Chris gave a low whistle when she was done. “You’ve been in the shit, haven’t you?”

  Megan exchanged a glance with Jack. “You could say that.”

  Chris nudged the throttle, and the deck thrummed harder beneath her feet. He gestured at the bloody bandage covering Jack’s stump. “So, Jack, what’s going on with your arm?”

  Fuck. Megan cringed inside. That was the same question she would have asked had their situations been reversed. “We had an accident in Houston,” she said before Jack could speak.

  “An accident, huh?” Chris cocked his head.

  “That’s right.”

  Luke spoke up. “A zombie bit him! But Megan cut Jack’s arm off like it was nothing. She saved his life.”

  Chris yanked back on the throttle, and the boat began to slow.

  “Thanks, Luke,” Megan said, shooting him a withering glare. “He’s right. I caught it before it spread.”

  The boat lost its forward momentum, and the world began to spin around them as the storm cupped them in its hands and shook them like a pair of dice. Megan quickly lost all sense of direction.
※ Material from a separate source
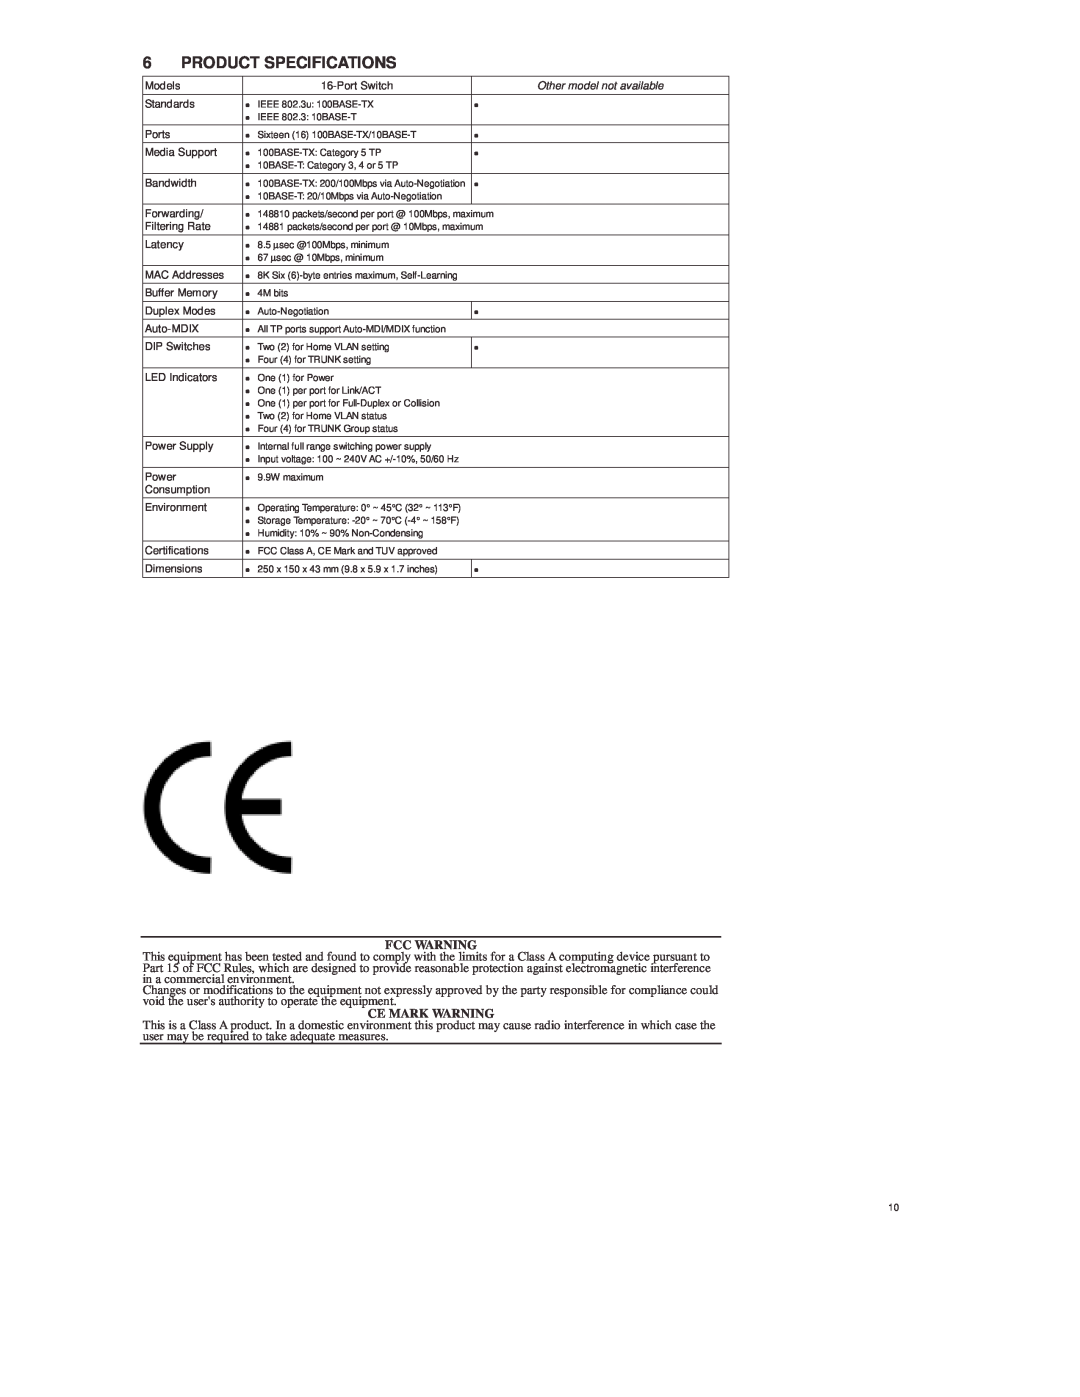 Lindy 25020 manual Product Specifications, Fcc Warning, Ce Mark Warning

  Chris put his hand to his forehead and rubbed hard. “Damn it! I was afraid of that. You can’t come with us.”

  A sudden panic gripped Megan. She stepped between the men. “And why not?”

  Chris took his hand off the control stick and turned to face her. “Why not? How about because he’s infected?” He craned his head to look past her. A pistol cocked somewhere to her rear.
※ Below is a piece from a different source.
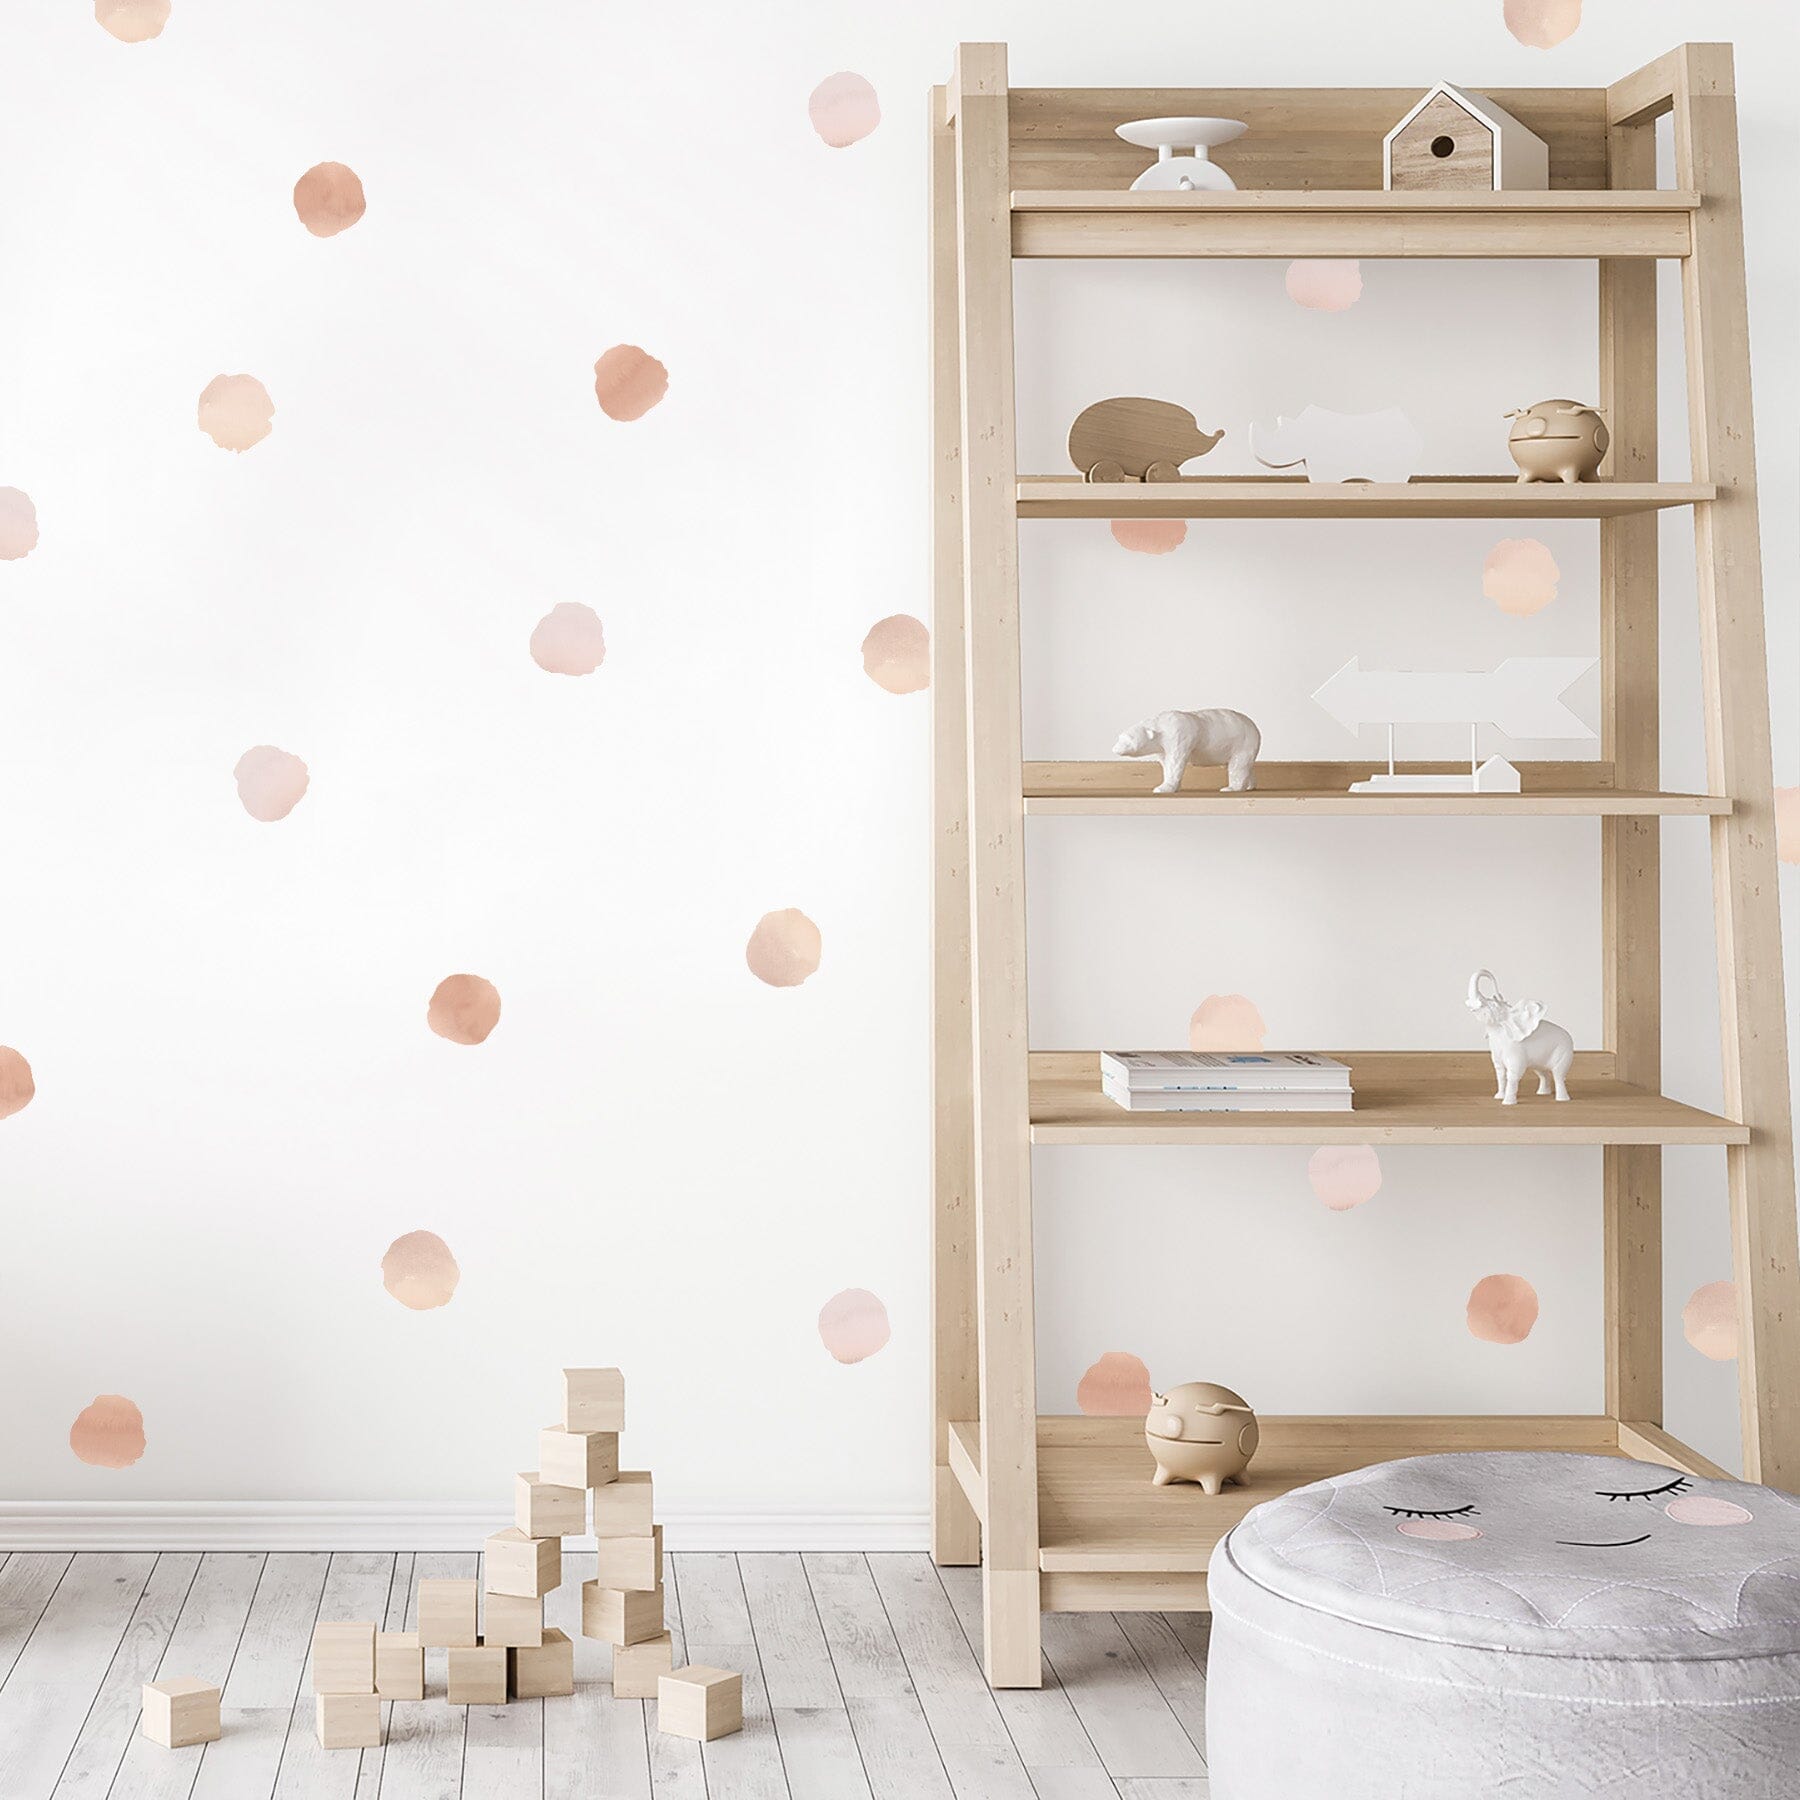 watercolor-polka-dot-wall-decals_wall-decals-for-kids

  “I told you!” Ben said accusingly from just over her shoulder. “We should have left them there.”

  Chris snapped, “That’s enough.” He sighed. “Look. It’s simple. We can’t take anyone onto the platform if they’re showing signs of infection.” He pointed at Jack’s stump. “And if that’s not a sign of infection, I don’t know what is.”

  Megan wasn’t sure she had heard him correctly. “Did you say platform?”

  “Yeah. The Gulf Star. It’s an oil platform about a mile out.”

  Megan opened her mouth to speak, but Chris put up his hand. “Look. I want to believe you. I really do.”

  “Then, why don’t you?” Megan seethed inside. She hated herself for putting Chris in this position, for demanding he break the very same rules she had instituted in Scorpion Canyon. God knew she had turned away enough people over the years, and for far less. She would have done anything to protect her community. “I’m telling you, it’s been two days. He’s clean.”

  Chris ran his hands through his hair and cursed. “I’m going to call Hines.”

  Alarm bells rang in Megan’s head. “Who’s Hines?”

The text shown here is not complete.